免疫沉淀技術(shù)(Immunoprecipitation, IP)的實驗設(shè)計通常包括以下幾個關(guān)鍵步驟:
1. 目標(biāo)蛋白質(zhì)的選擇:
2. 抗體的選擇:選擇特異性強,、親和力高的抗體來捕獲目標(biāo)蛋白質(zhì)
3. 樣本的準(zhǔn)備:收集和準(zhǔn)備細胞或組織樣本。
4. 蛋白質(zhì)的裂解和釋放:選擇合適的裂解條件,,如pH值,、離子強度、去污劑等,。
5. 蛋白質(zhì)濃度的測定:確定裂解液中蛋白質(zhì)的濃度,,以便于后續(xù)步驟的標(biāo)準(zhǔn)化。
6. 免疫沉淀的操作:將特異性抗體與裂解液混合,,并在適宜的條件下孵育,,以形成抗體-抗原復(fù)合物。
7. 非特異性結(jié)合的減少:通過預(yù)純化步驟去除可能的非特異性結(jié)合蛋白,。
8. 洗滌:多次洗滌以去除未結(jié)合的蛋白質(zhì)和雜質(zhì),。
9. 目標(biāo)蛋白質(zhì)的洗脫:使用適當(dāng)?shù)木彌_液洗脫抗體-抗原復(fù)合物。

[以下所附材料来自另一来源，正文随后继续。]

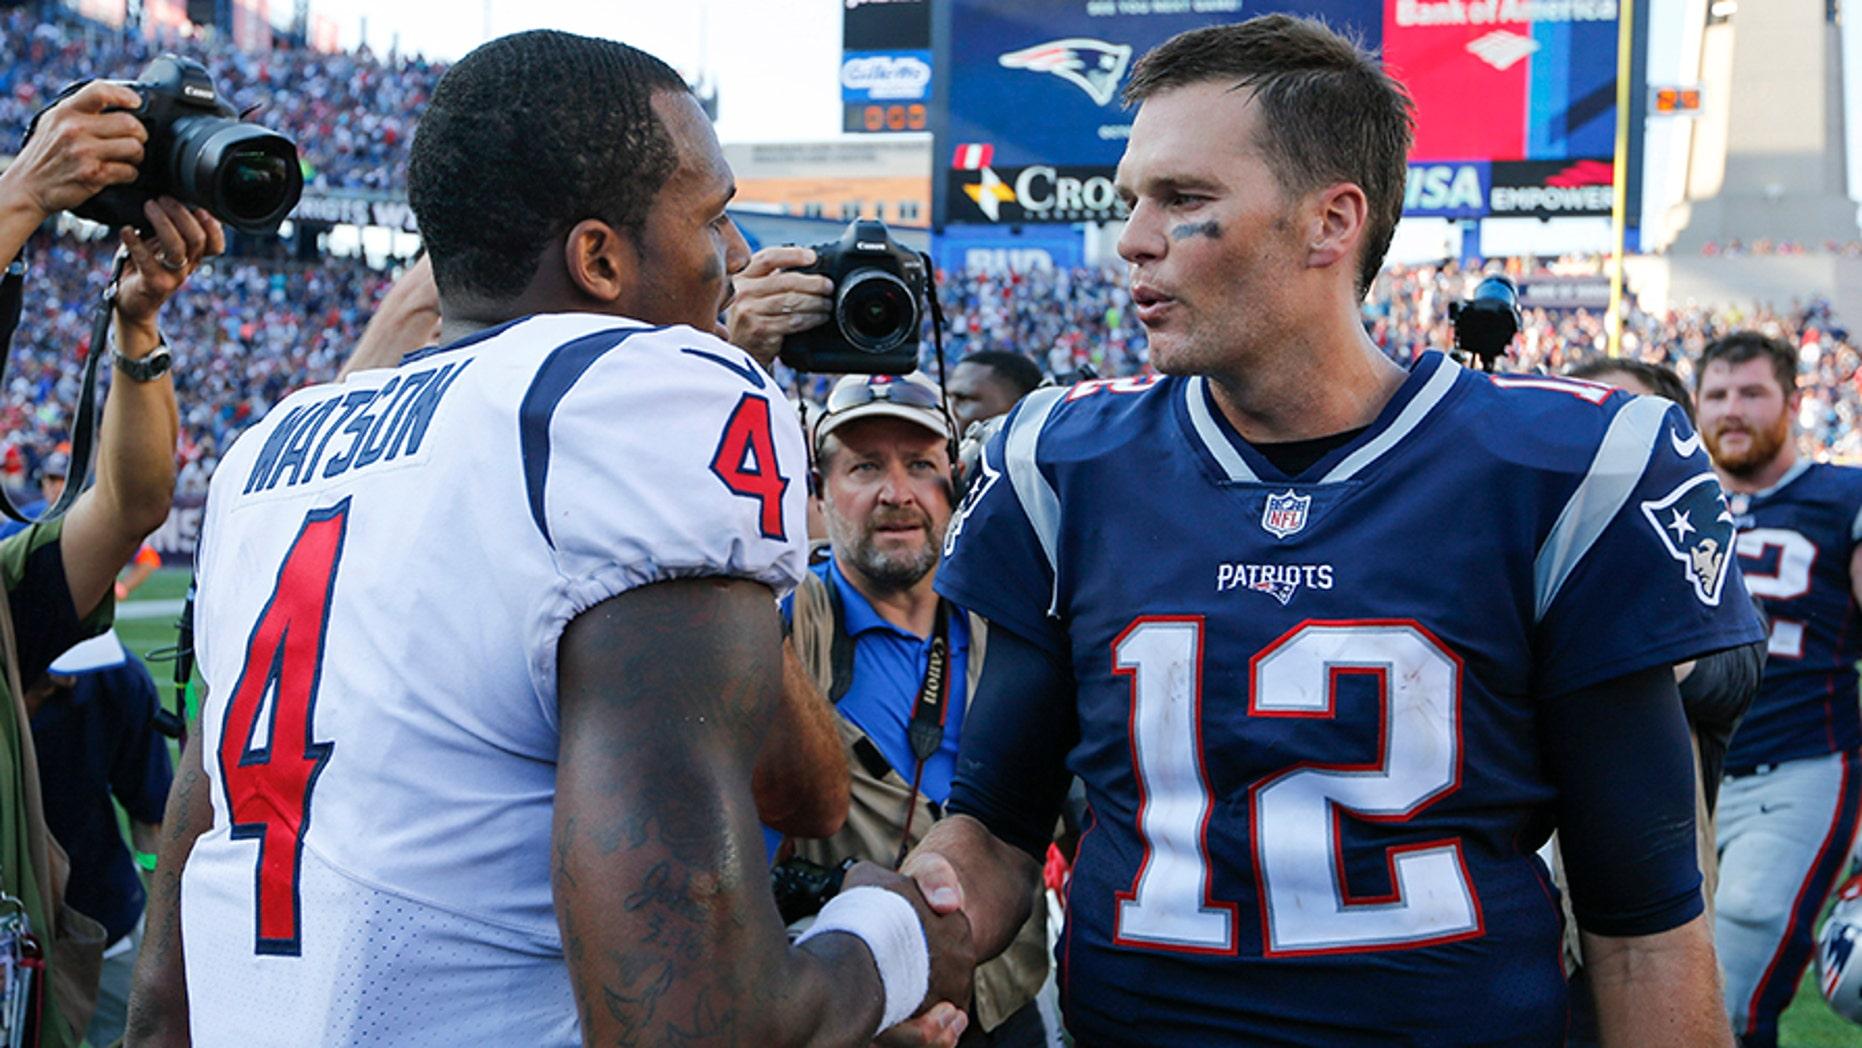 New England Patriots quarterback Tom Brady greets Houston Texans quarterback Deshaun Watson after their game in Foxborough, September 24, 2017.

10. 后續(xù)分析:對洗脫的蛋白質(zhì)進行進一步分析,,如Western Blot.
11. 對照實驗:設(shè)計適當(dāng)?shù)恼龑φ蘸拓搶φ?,以評估實驗的特異性和敏感性,。
免疫沉淀技術(shù)ChIP的實驗設(shè)計。廣州Protein AG免疫沉淀磁珠的選擇
免疫沉淀技術(shù)(Immunoprecipitation, IP)的實驗方法通常包括以下步驟:
1. 樣本準(zhǔn)備
2. 蛋白質(zhì)濃度測定:使用BCA,、Bradford或Lowry等方法測定裂解液中蛋白質(zhì)的濃度,。
3. 抗體預(yù)處理:如果使用預(yù)固定的抗體,需先將抗體固定在固相支持物上,,如瓊脂糖珠或磁性微珠,。
4. 免疫沉淀反應(yīng):將裂解液與特異性抗體(固定或未固定)混合,并在4°C下緩慢搖晃孵育過夜,,以允許抗體與目標(biāo)蛋白質(zhì)充分結(jié)合。
5. 固相支持物的回收:對于未固定的抗體,,加入與抗體特異性結(jié)合的蛋白A或蛋白G結(jié)合的固相支持物,。
6. 洗滌:去除未結(jié)合的蛋白質(zhì)和雜質(zhì),通常需要多次洗滌固相支持物,。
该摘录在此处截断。